How to Create Tests Using Use Case Engine

Andrei Temnikov edited this page Mar 24, 2022 · 9 revisions

The test-driven development approach assumes that every code change is preceded by creating a test. Testing the grammar might be quite tricky, especially if it integrates with wrapping programming logic. In order to simplify testing and ensure maintainability of tests, COBOL Language Support contains a special markup language to provide use cases for the language engine.

How It Works

The COBOL specification contains many rules for definition and usage of semantic elements, and errors display for typos or misuse of variables. We therefore test for the following features:

  • Diagnostics
  • Definitions
  • Usage

If something is required but is not found or does not match the expectations, then the test fails. For example, IDENTIFICATION DIVISIONs. should produce a syntax error because “DIVISIONs” is not a valid keyword. If no such error displays, then the language engine is not functioning correctly. Furthermore, the test should also check the exact error message and severity level. Manual calculation of the positions for diagnostics and variables is boring and error-prone, so an automated solution would be preferable.

Here we come up with an idea of how to build proper use cases - create an example COBOL program that contains a statement or a case that should be tested, mark up all the variables, paragraphs, copybooks, erroring tokens etc. and then pass the text, diagnostics, and copybooks to the language engine and compare the expected and observed results.

The current implementation of this idea resides in the package org.eclipse.lsp.cobol.usecases. The entry point is the UseCaseEngine class, which contains several methods that allow us to run use case tests with different configurations. This class applies syntax and semantic analysis for COBOL texts using the current Language Engine.

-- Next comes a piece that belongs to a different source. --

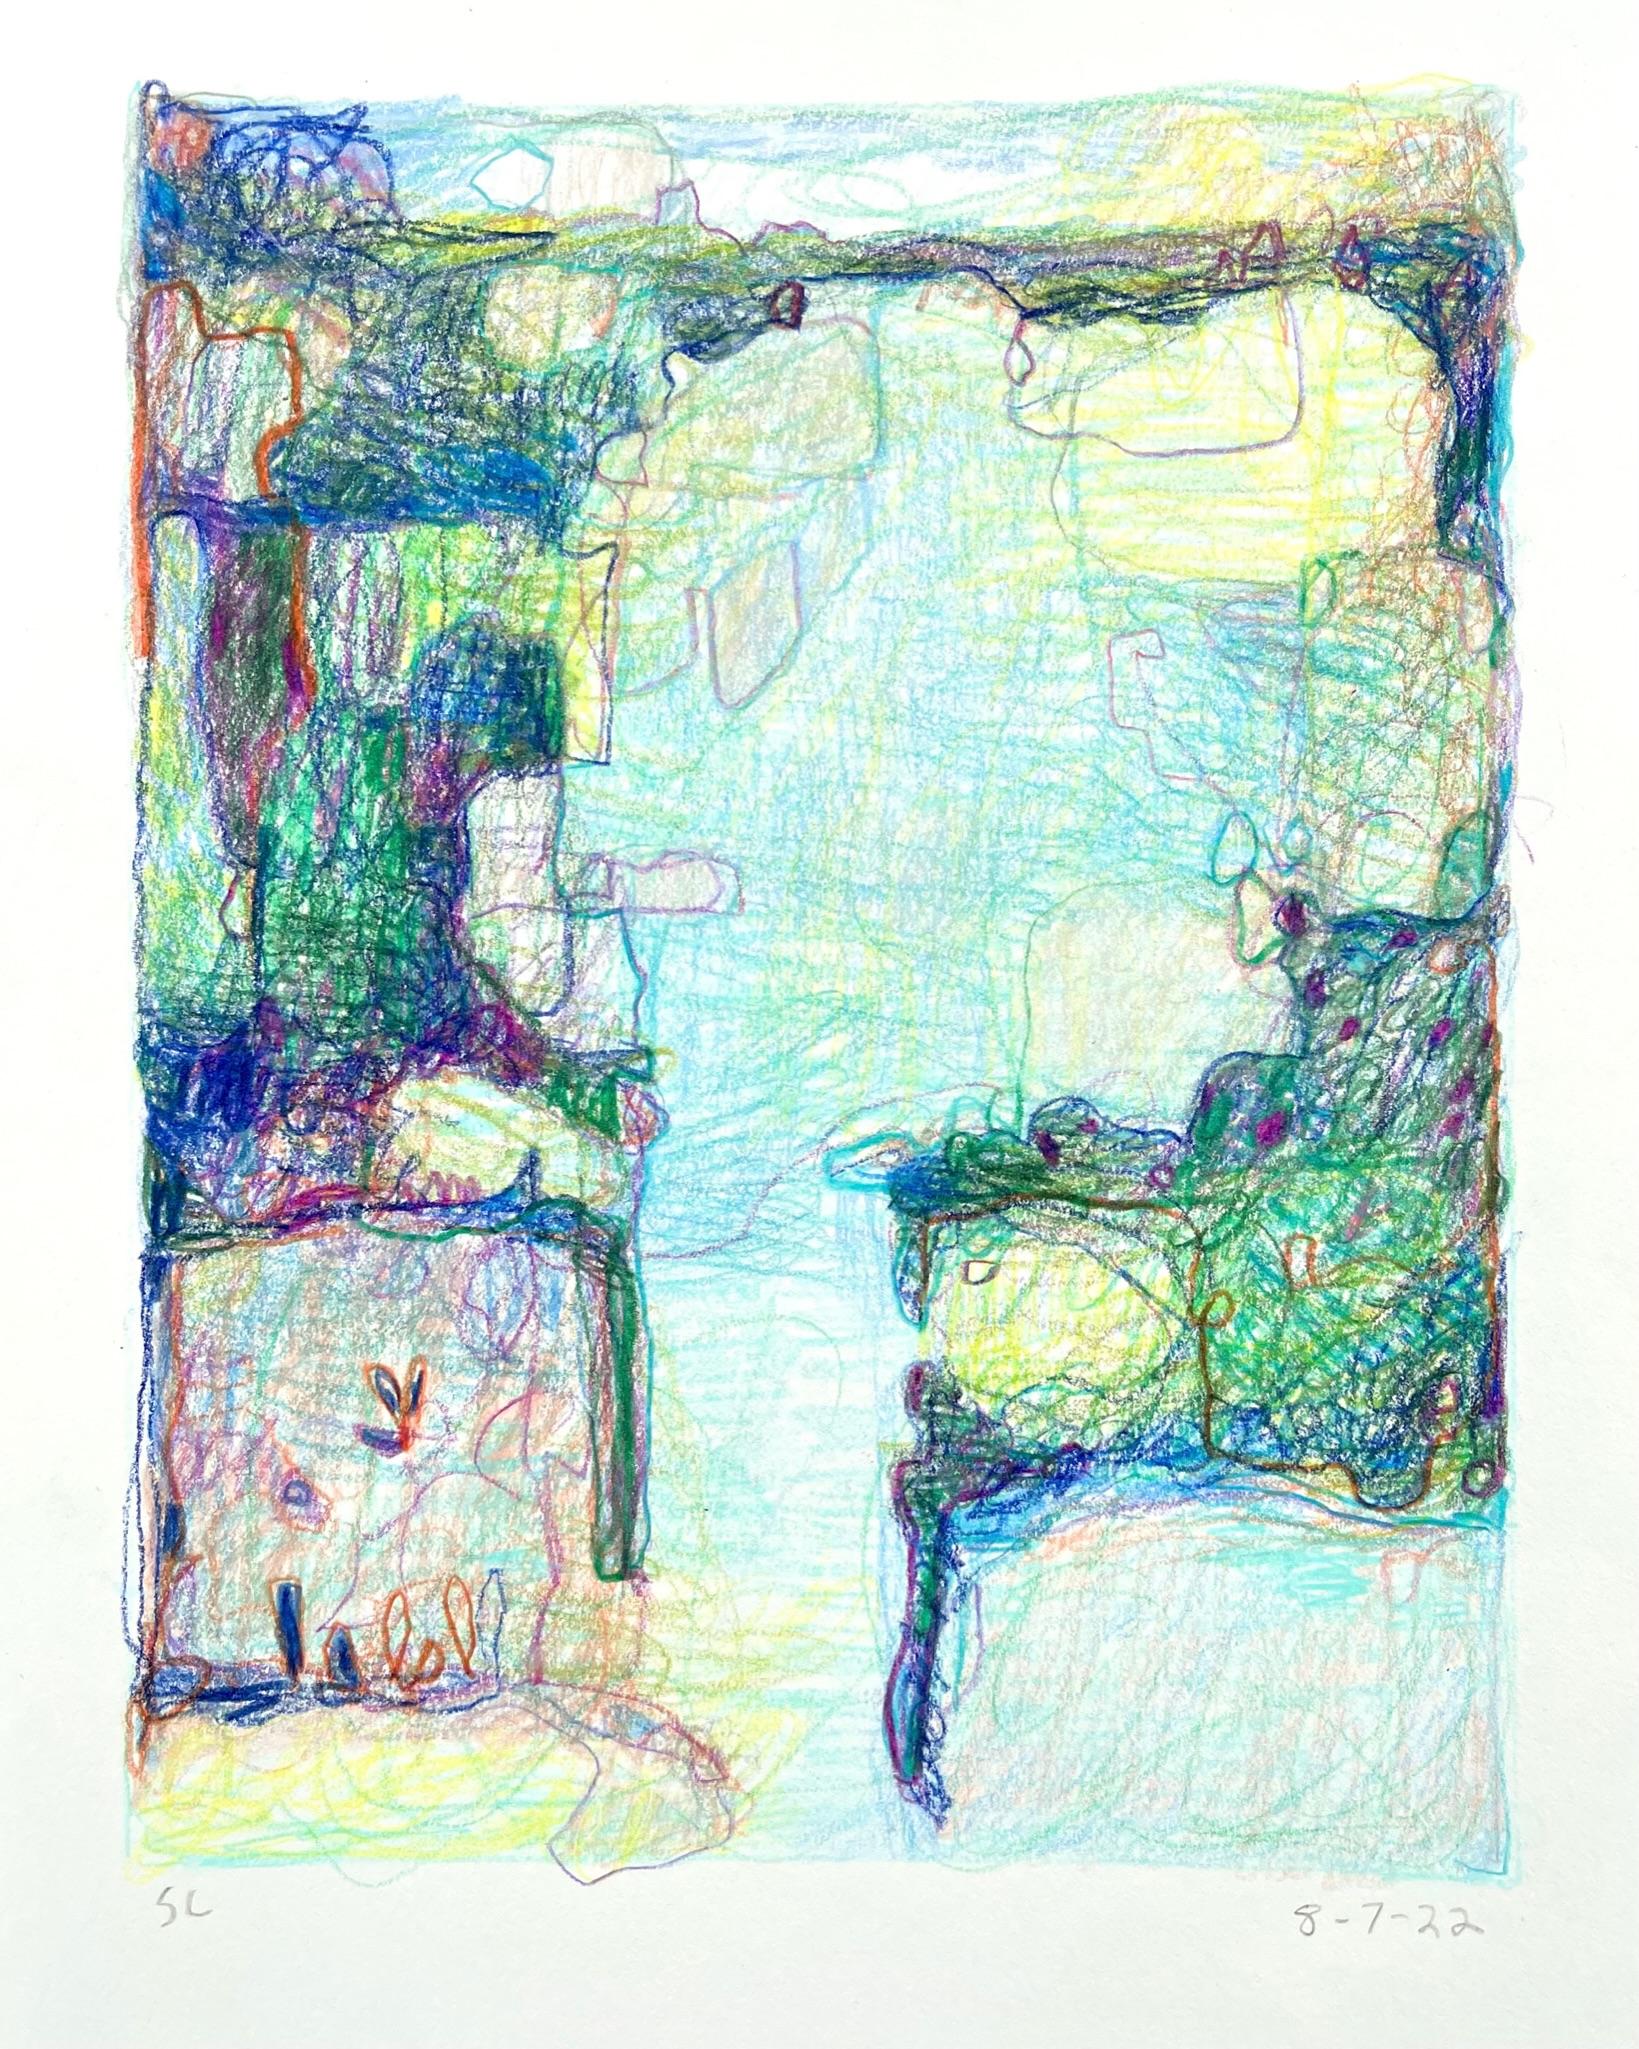 8-7-22, dessin de paysage abstrait impressionniste au crayon en couleur

For test purposes, it is required to mark all the semantic elements (i.e. variables, constants, paragraphs, sections, and copybooks) in the text. If there are tokens that produce syntax errors, they should be marked too. The affected token should be wrapped with curly brackets {} with special tags. Diagnostic IDs for the elements are optional. Without special tags, a token inside curly brackets is considered a diagnostic of a syntax error.

Tags:

  • $ - Variable
  • # - Paragraph
  • @ - Section
  • ~ - Copybook
  • * - Definition
  • | - Diagnostic
  • ^ - Replacement that calculates the position of the element after the replacement
  • ` - Replacement that calculates the position of the element before the replacement
  • & - Constant (predefined variable)
  • % - Subroutine
  • {_ _} - Multi-token error

By default, tags are treated as an element usage. With '*' specified the occurrence is treated as a definition. For example, {$*VAR1} is a definition for variable VAR1, and {#PAR2} is the usage of paragraph PAR2. Copybook definitions are optional, by default they point to the beginning of the copybook. Predefined variable definitions are implicit, so they are present in the analysis result by default. It means that if you have a {&EIBCALEN} predefined variable usage in the text, you don't need to define in the DATA DIVISION, they are provided by the language engine. The full list of those variables you may find in the org.eclipse.lsp.cobol.core.semantics.PredefinedVariableContext class.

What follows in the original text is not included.